What is so freaking funny about falling out of a pear tree?
May 23, 2011 7:15 PM   Subscribe

I think one of my favorite movies has a double entendre in it. I don't speak German and the subtitles don't shed any light on the subject.

One of my favorite movies is Das schreckliche Mädchen. It's in German with English subtitles. It's not a comedy, really... although there are some absurd parts that elicit a chuckle. The subtitles help.

Except for one part.

Towards the end of the movie, the townsfolk are gathered to await the arrival of a judge that will oversee a great court case. One of the townspeople runs up, and says...

"Judge so-and-so will not be here today. He fell out of a tree last night...while picking pears."

And then the entire town bursts into uproarious laughter. Little old ladies look somewhat embarrassed but are chuckling behind their hands. The vicar is guffawing. This is apparently the funniest thing that this little Bavarian town has heard in aaaaaages. But why?

The reaction to the pear-picking statement is so strong that it MUST be some sort of German double entendre. What does it mean? I'm prepared to blush and chuckle behind my hands if it's really racy.
posted by Elly Vortex to Media & Arts (9 answers total) 9 users marked this as a favorite
I'm not a German speaker, but my best guess is this:

Why would someone be picking pears from a tree at night? Could the judge have been in the tree for some other less than noble purpose (peeping Tom maybe?) instead? And then after he fell out, he was too embarrassed to say the real reason why he was in the tree, so he claims to have been picking fruit instead.
posted by AMSBoethius at 7:31 PM on May 23, 2011

It appears as though "the pear doesn't fall far from the tree" is a variant of our "the apple doesn't fall far from the tree" through some Googling.

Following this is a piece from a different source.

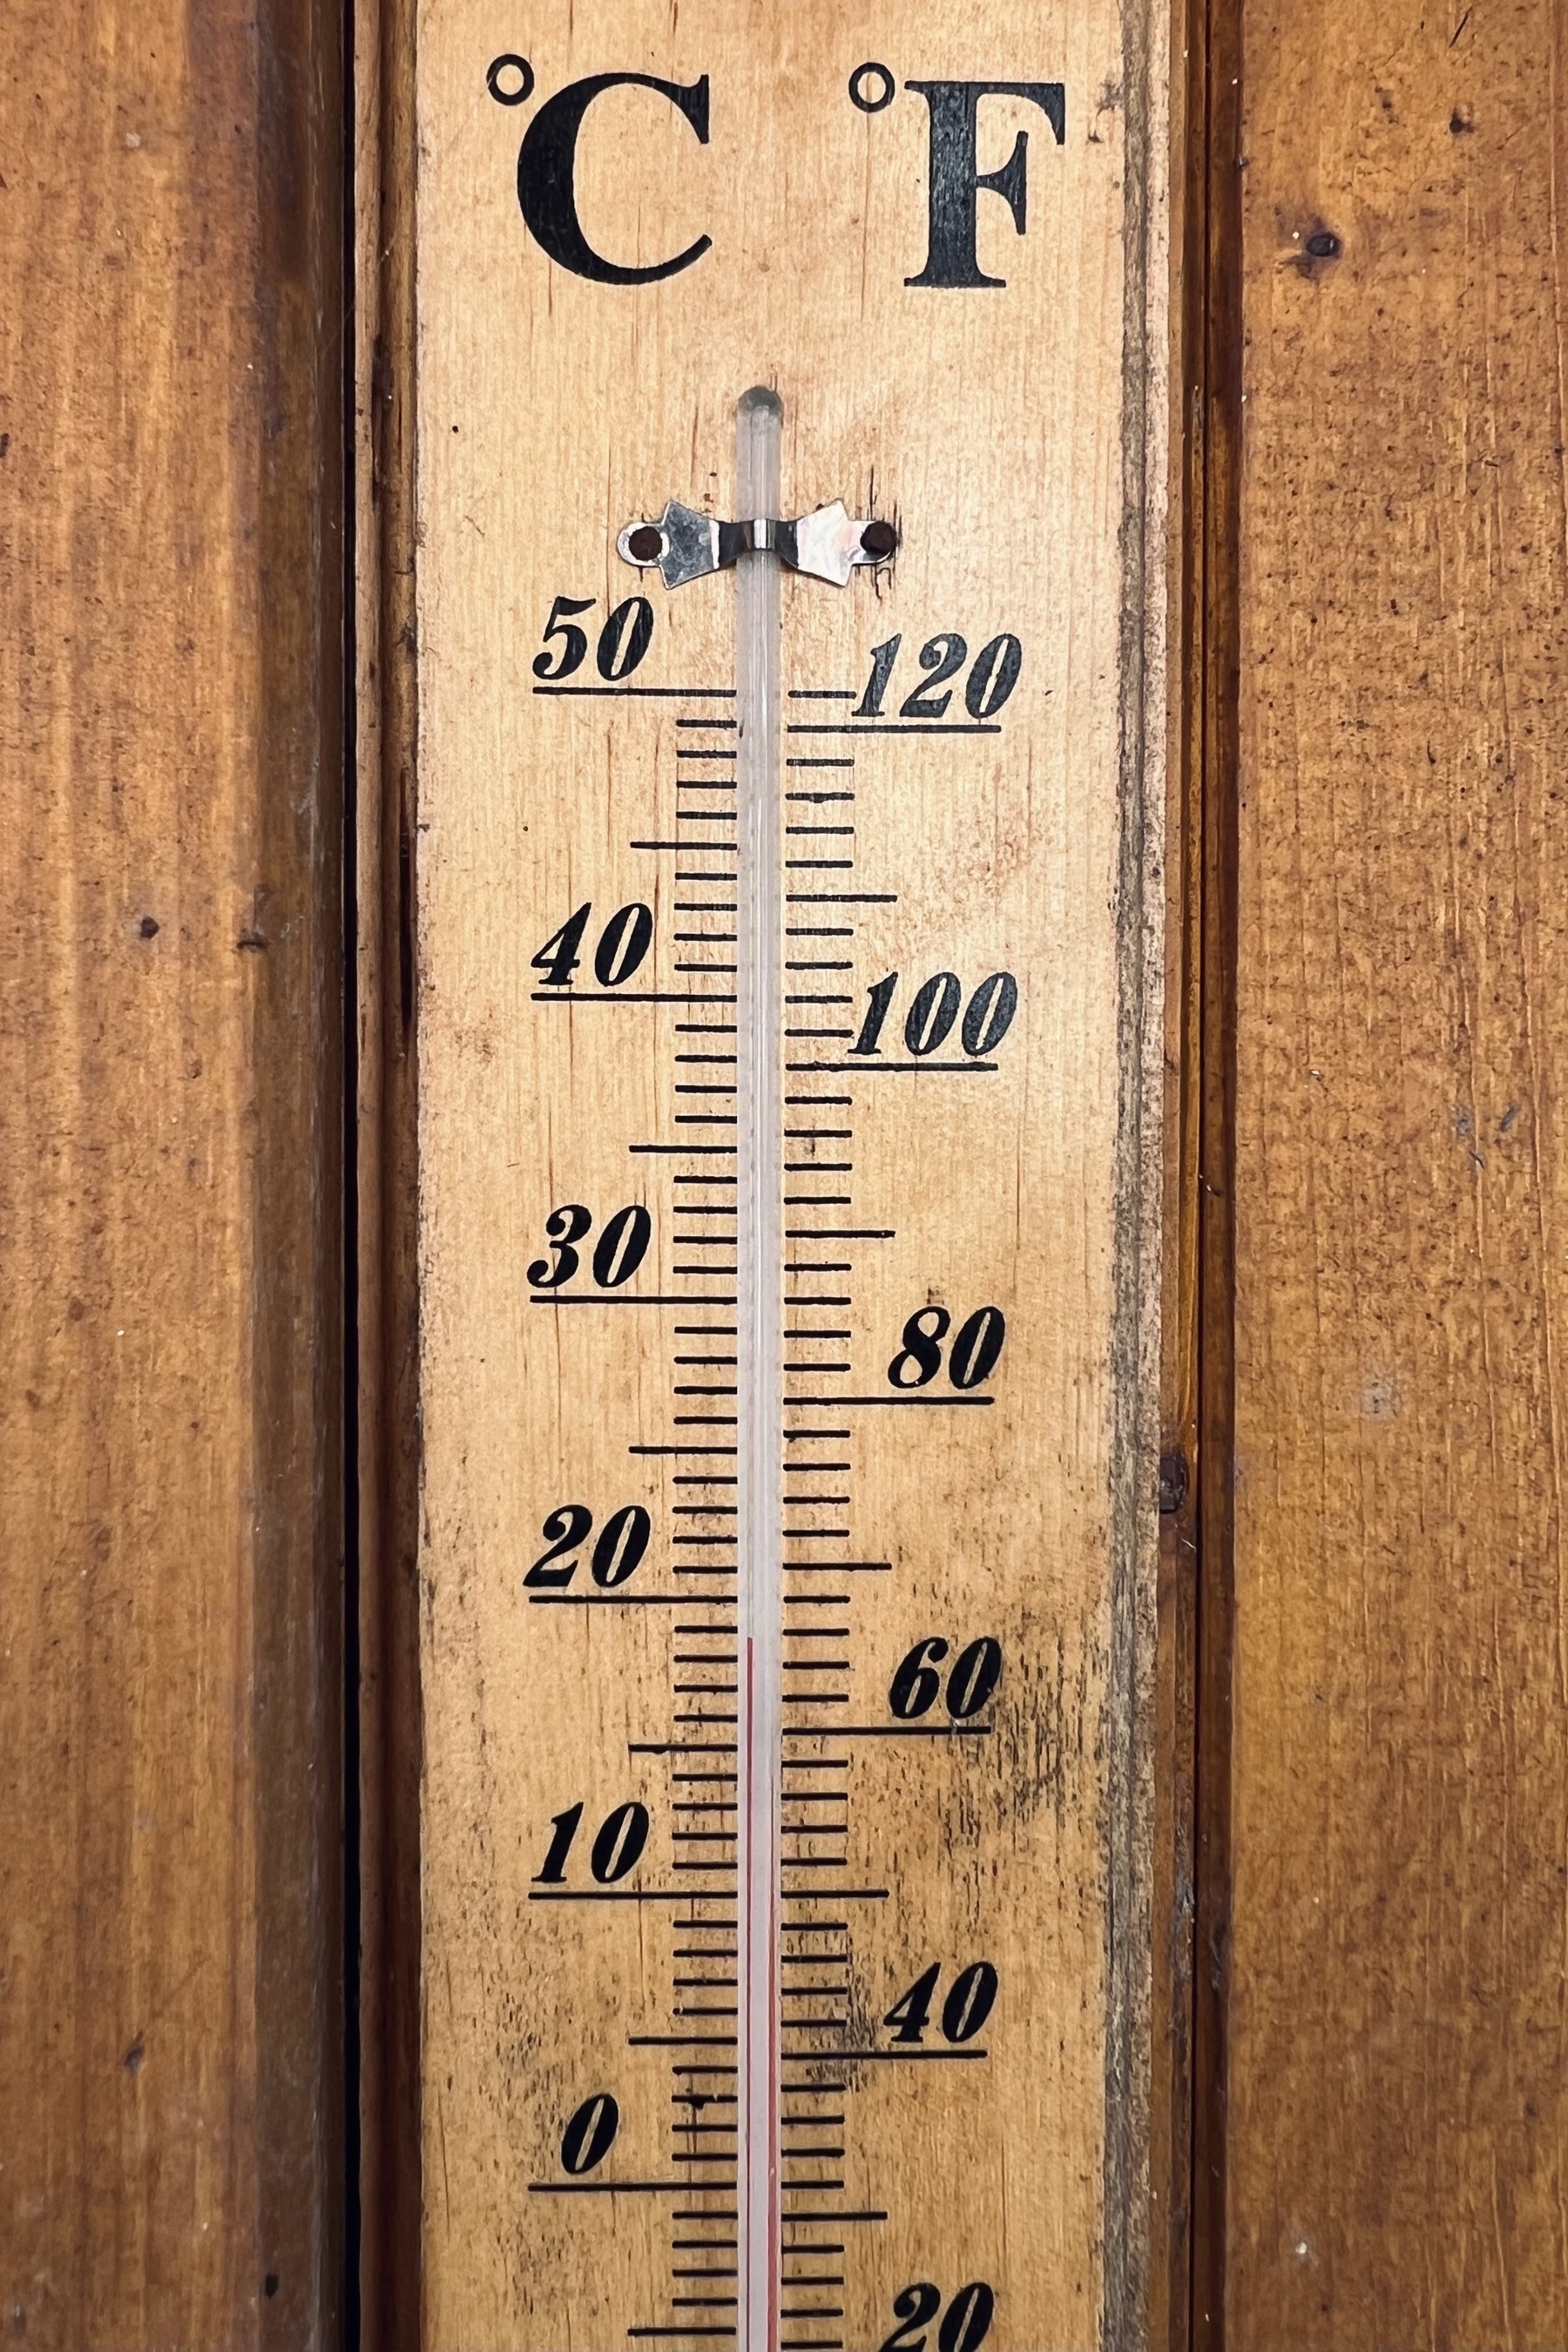 Outside thermometer with a wooden backing plate attached to a wooden wall of a garden shed and black lettering (Celsius on the left, Fahrenheit on the right). The mercury shows 19 °C.
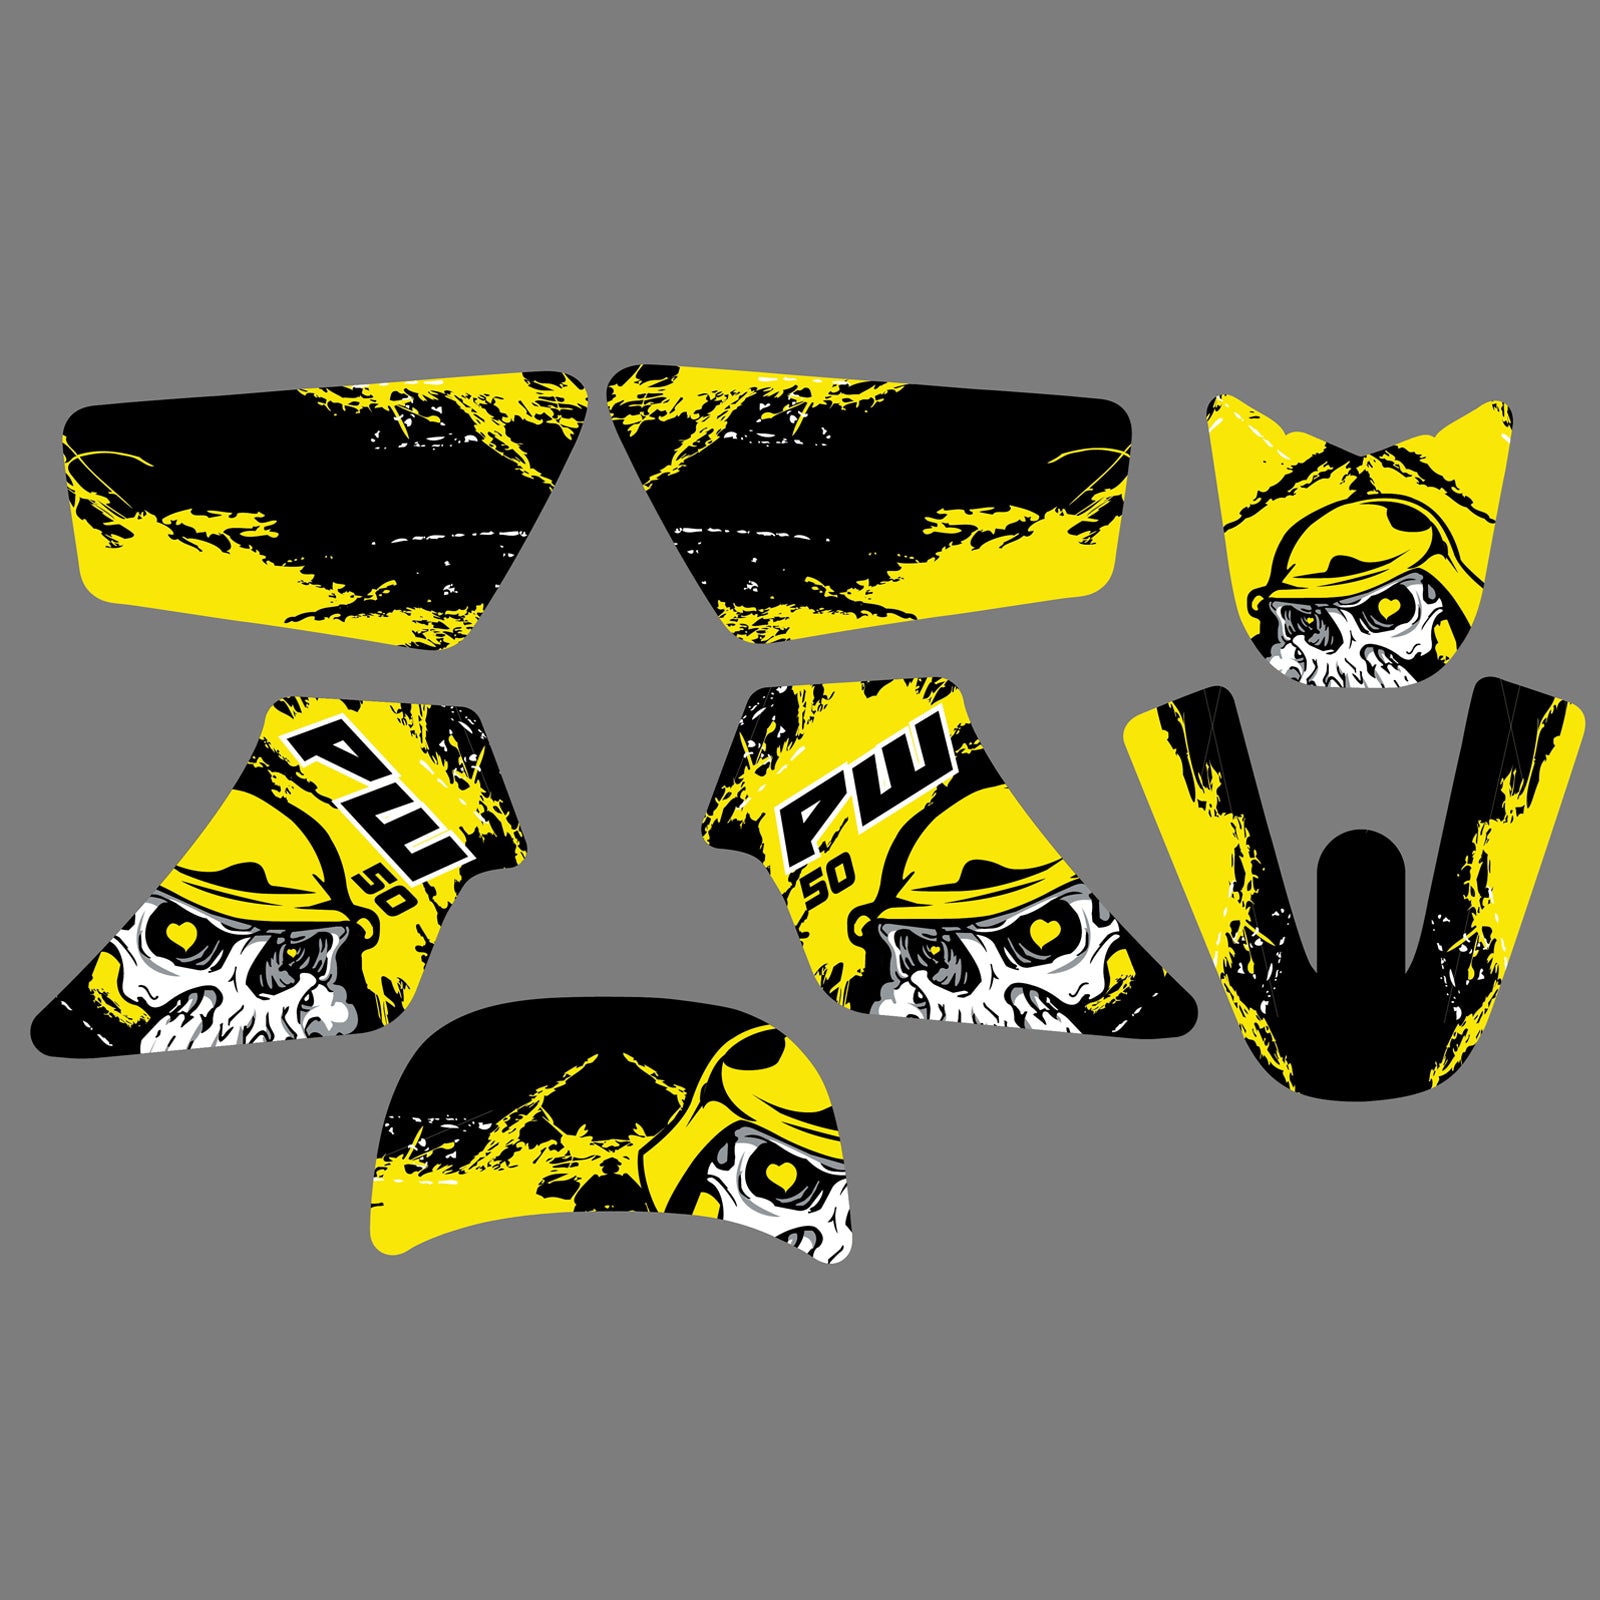 Team Graphics Background Decals Stickers For Yamaha PW50 1981-2021 All Years

Does that make sense with anything that happens in the movie? The German phrase is die "Birne fällt nicht weit vom baum", but that's machine translation.
posted by codacorolla at 7:44 PM on May 23, 2011

Is the movie set in a particular season? If there's snow on the ground, for example, the judge couldn't have been picking pears because there wouldn't be any on the tree.
posted by embrangled at 7:54 PM on May 23, 2011

I'm just going to take one more Google-based attempt at it, and say that there's a fairly well known German novel, that also was made into a film, called "Under the Pear Tree". Reading the description of "The Nasty Girl", this story is also about buried secrets and skeletons in the closet:

Could it be a nod to that? I know that a lot of stab-in-the-dark answers can be distracting, so I'll bow out. Really hoping a native German speaker comes by and provides an answer, however. I'm curious!
posted by codacorolla at 7:55 PM on May 23, 2011

In German "Birne" is a slang term for "brain"--as in "use your brain, dammit". My guess would be that the joke is of the judge doing something spectacularly stupid (falling out of the tree) while metaphorically trying to get smarter (pick up more pears).
posted by Phire at 7:59 PM on May 23, 2011

I haven't heard "Birnen pflücken" used directly as a double-entendre (is that the original German?) but I know that "Birnen" is a possible way to refer to the ass... I don't know if this would have been true in the time the movie is set or even if it's common, I just know that it occasionally shows up as an ass-descriptor in German women's magazines.
posted by besonders at 7:59 PM on May 23, 2011

It's possible that the subtitles are completely different from what is actually being said. Can you try to transcribe the original German? Or post the audio from that short snippet somewhere and link to it?

I wonder if the joke is not the pears part (if that is even what they originally say). Often subtitles are ordered differently from the original, so they might have said "He was picking pears and fell from the tree" and it could be the "fell from the tree" bit that was funny. (I googled "vom Baum fallen" to see if that was slang for insanity or something, but couldn't find anything.)

(I'm not a native speaker of German, but my German is very fluent and I lived there for five years. Of course, that doesn't mean I was exposed to Bavarian double-entendres very often, so could well be missing something relating to pears.)
posted by lollusc at 9:01 PM on May 23, 2011 [1 favorite]

Native speaker here. I don't see anything obviously funny about that sentence either, there is, to my knowledge, no hidden meaning to the phrase "picking pears". Birne can be a slang word for head, and in some contexts it could be understood to refer to breasts (just like apples, melons...), but that doesn't really make sense in this case either. I second lollusc's request for the original German audio!
posted by Skybly at 1:20 AM on May 24, 2011

You could make a pretty good (and untranslatable) fruit tree related double entendre with the word "runterholen", which can mean "to fetch something down" or "to masturbate". Is that in the original?